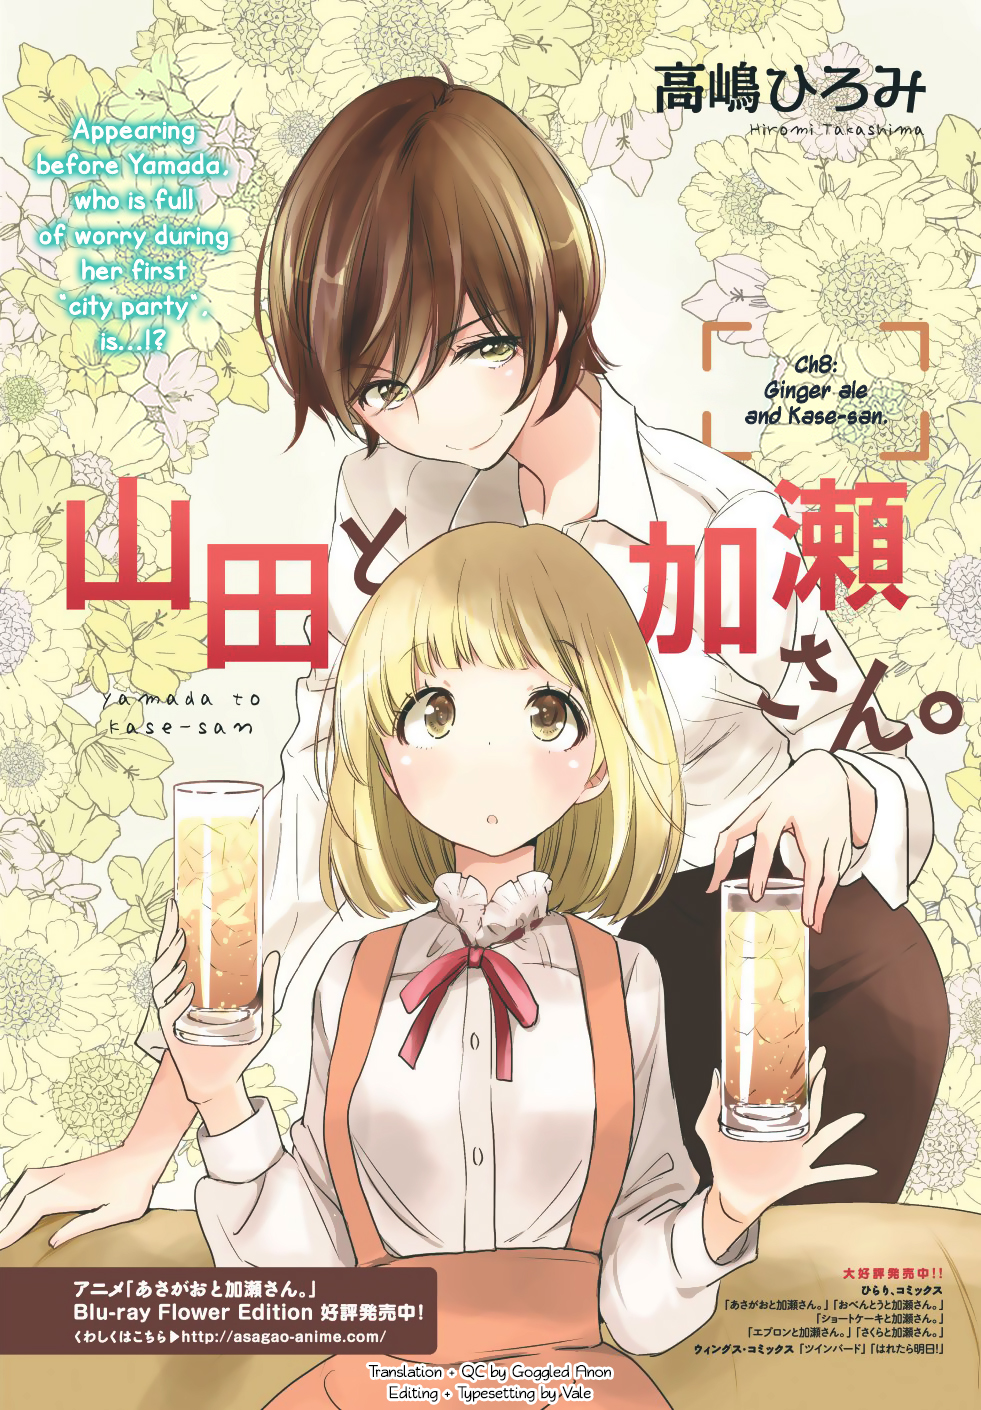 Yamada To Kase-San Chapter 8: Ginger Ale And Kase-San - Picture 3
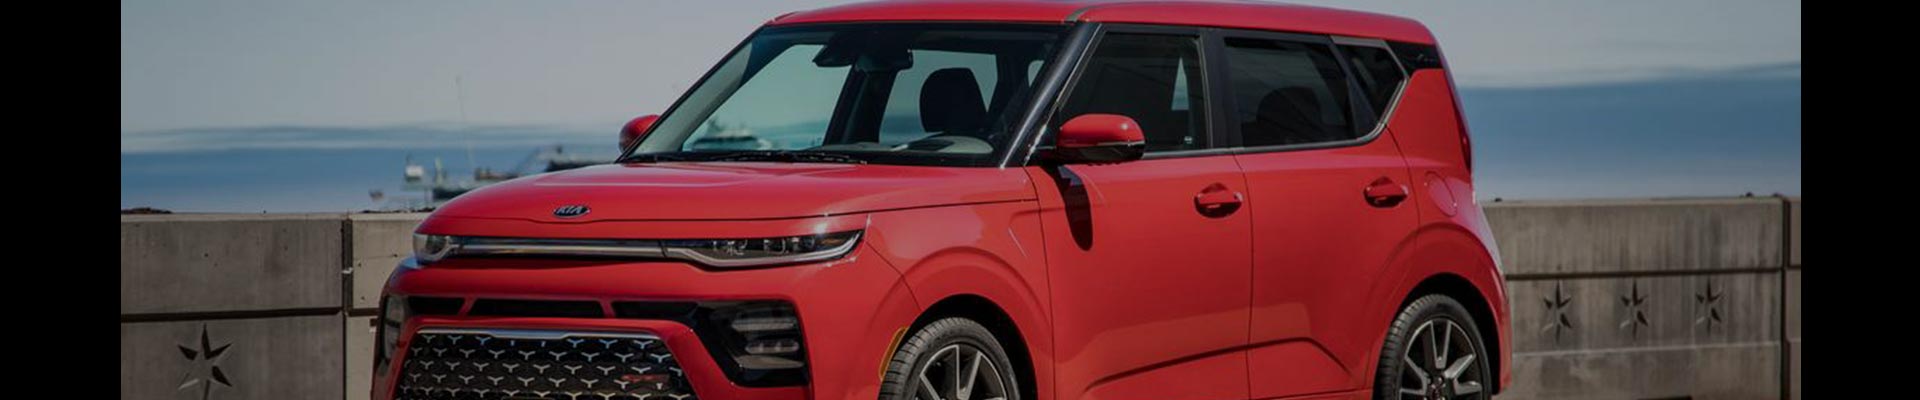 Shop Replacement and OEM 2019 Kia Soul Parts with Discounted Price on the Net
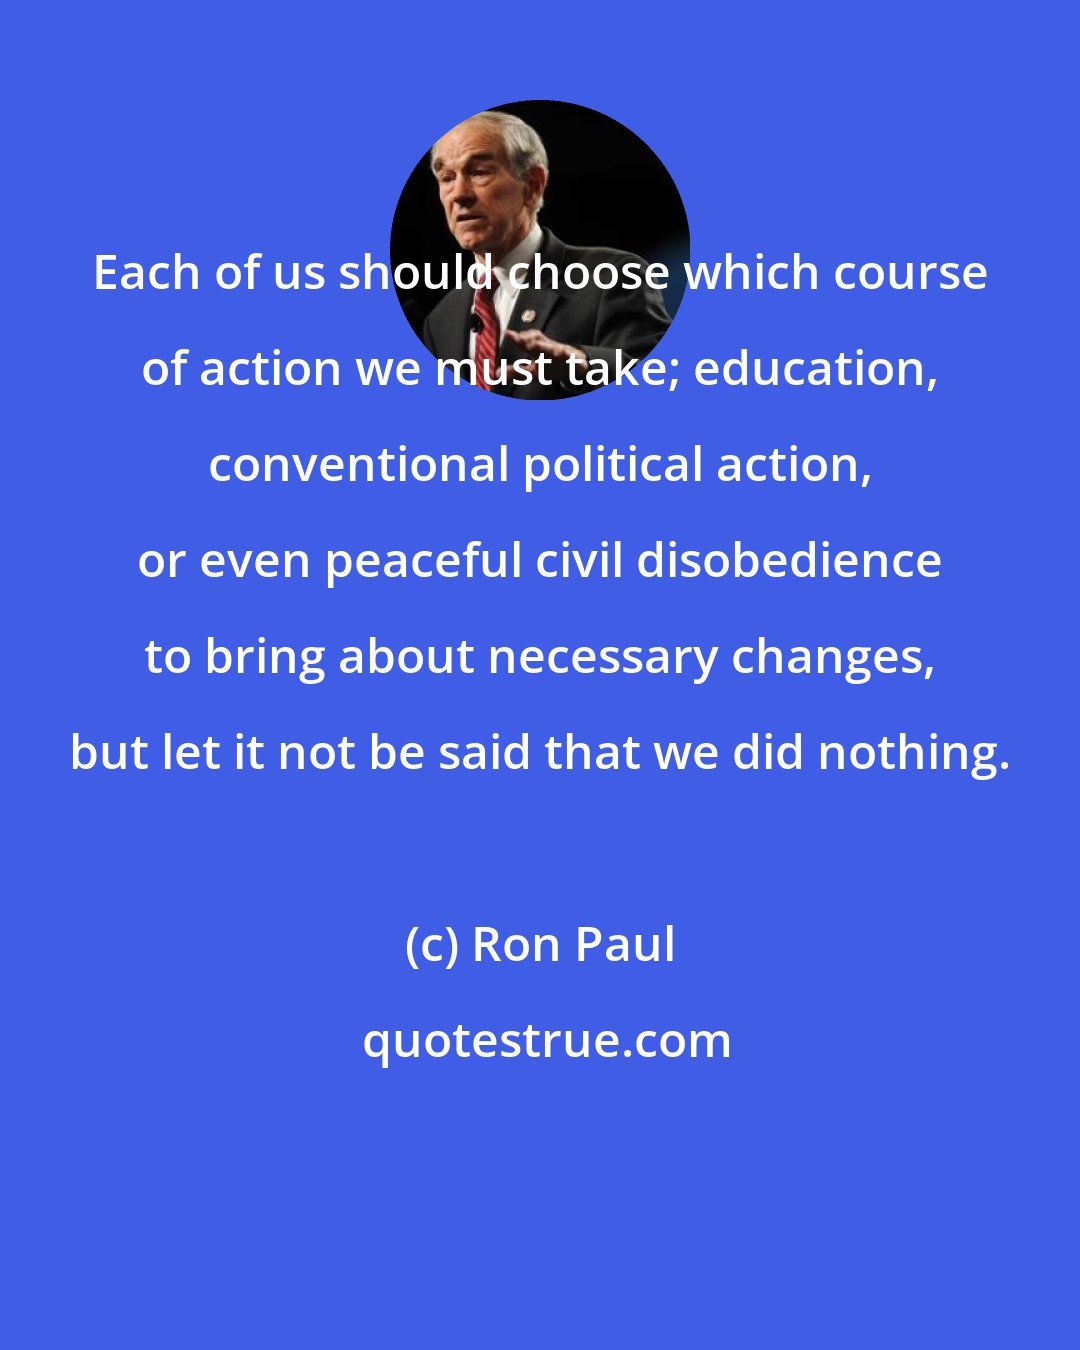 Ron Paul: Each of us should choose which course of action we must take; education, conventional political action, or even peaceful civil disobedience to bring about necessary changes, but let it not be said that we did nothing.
———
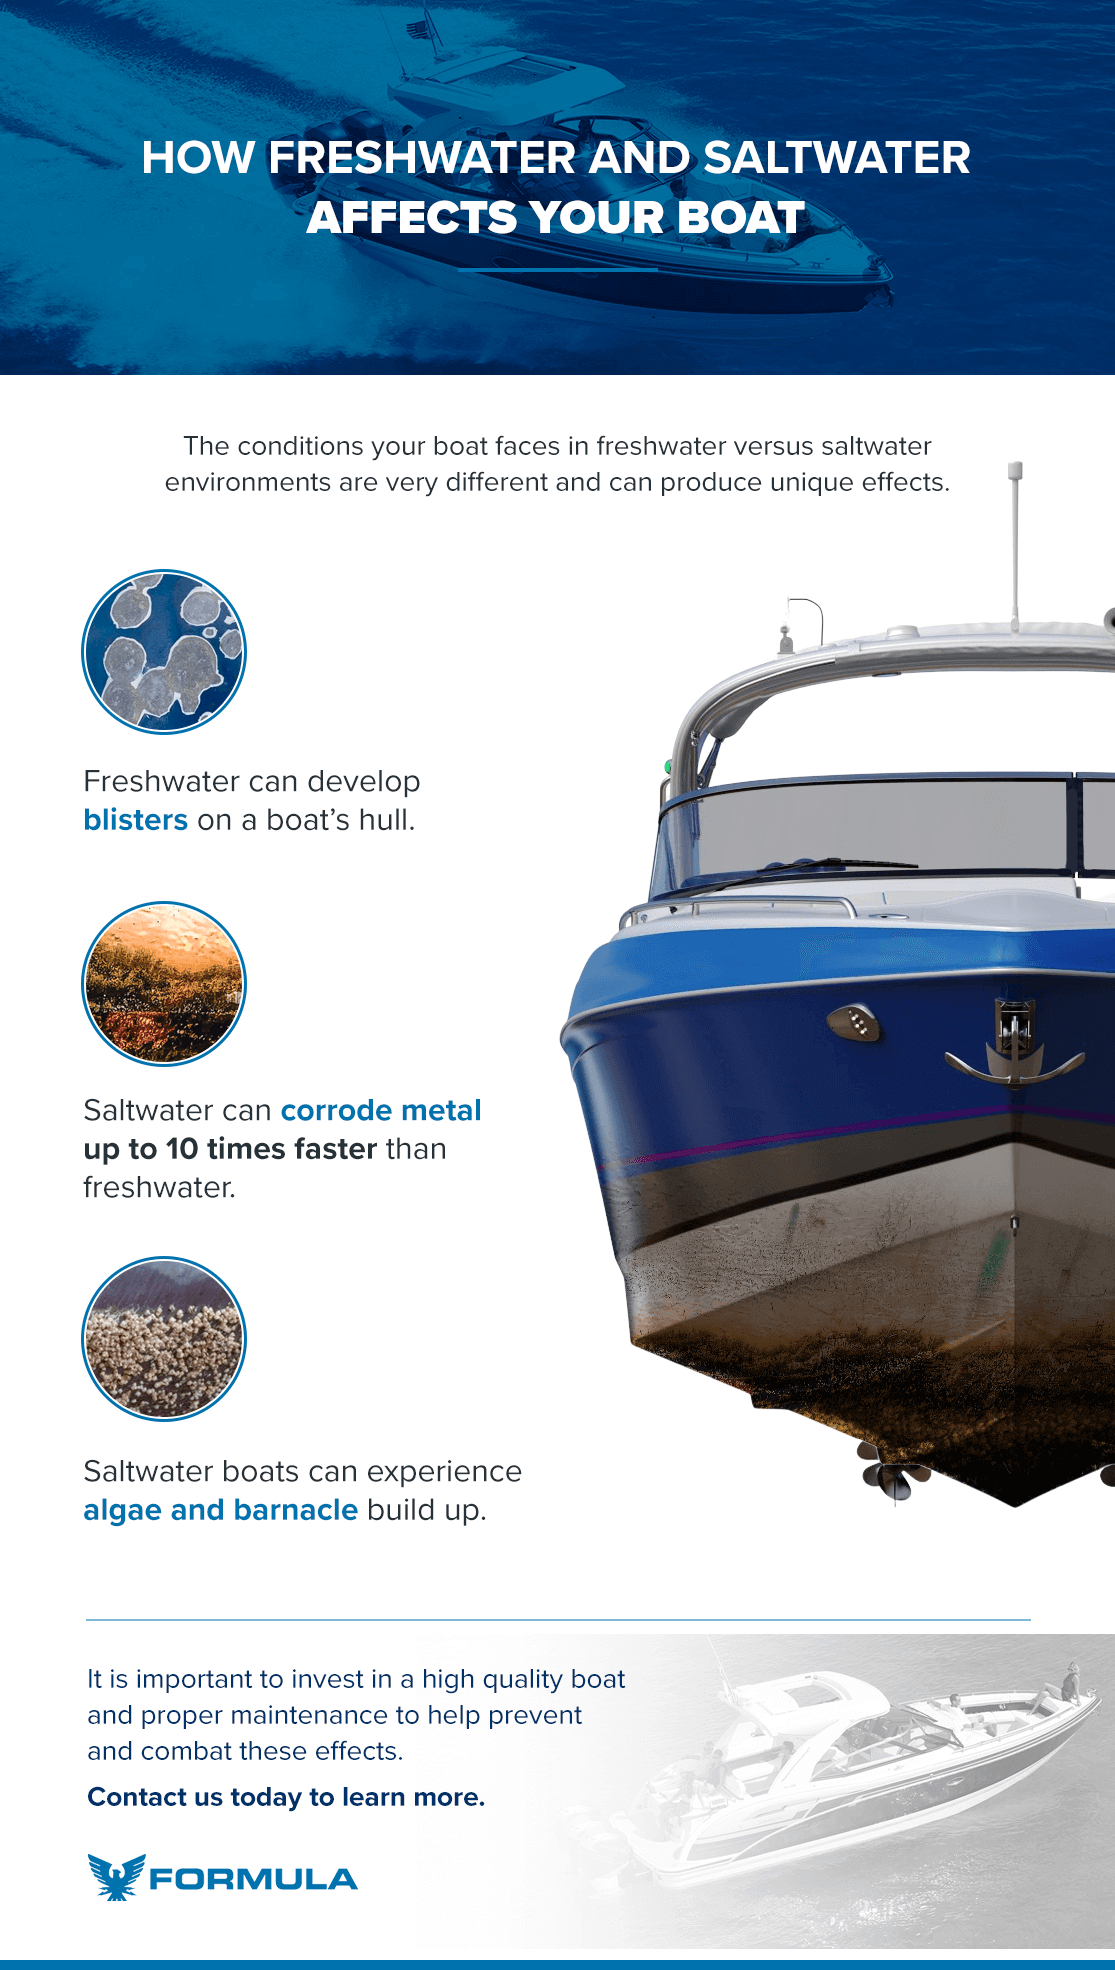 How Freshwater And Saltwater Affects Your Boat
———
WHAT NEEDS TO BE DONE
Only one stretch of the material above is wanted: the line containing "Shop Replacement and" through the line containing "Ron Paul: Each". Restate it word for word, minus the pictures.

OUTPUT OF THE EXERCISE
 Shop Replacement and OEM 2019 Kia Soul Parts with Discounted Price on the Net
 Ron Paul: Each of us should choose which course of action we must take; education, conventional political action, or even peaceful civil disobedience to bring about necessary changes, but let it not be said that we did nothing.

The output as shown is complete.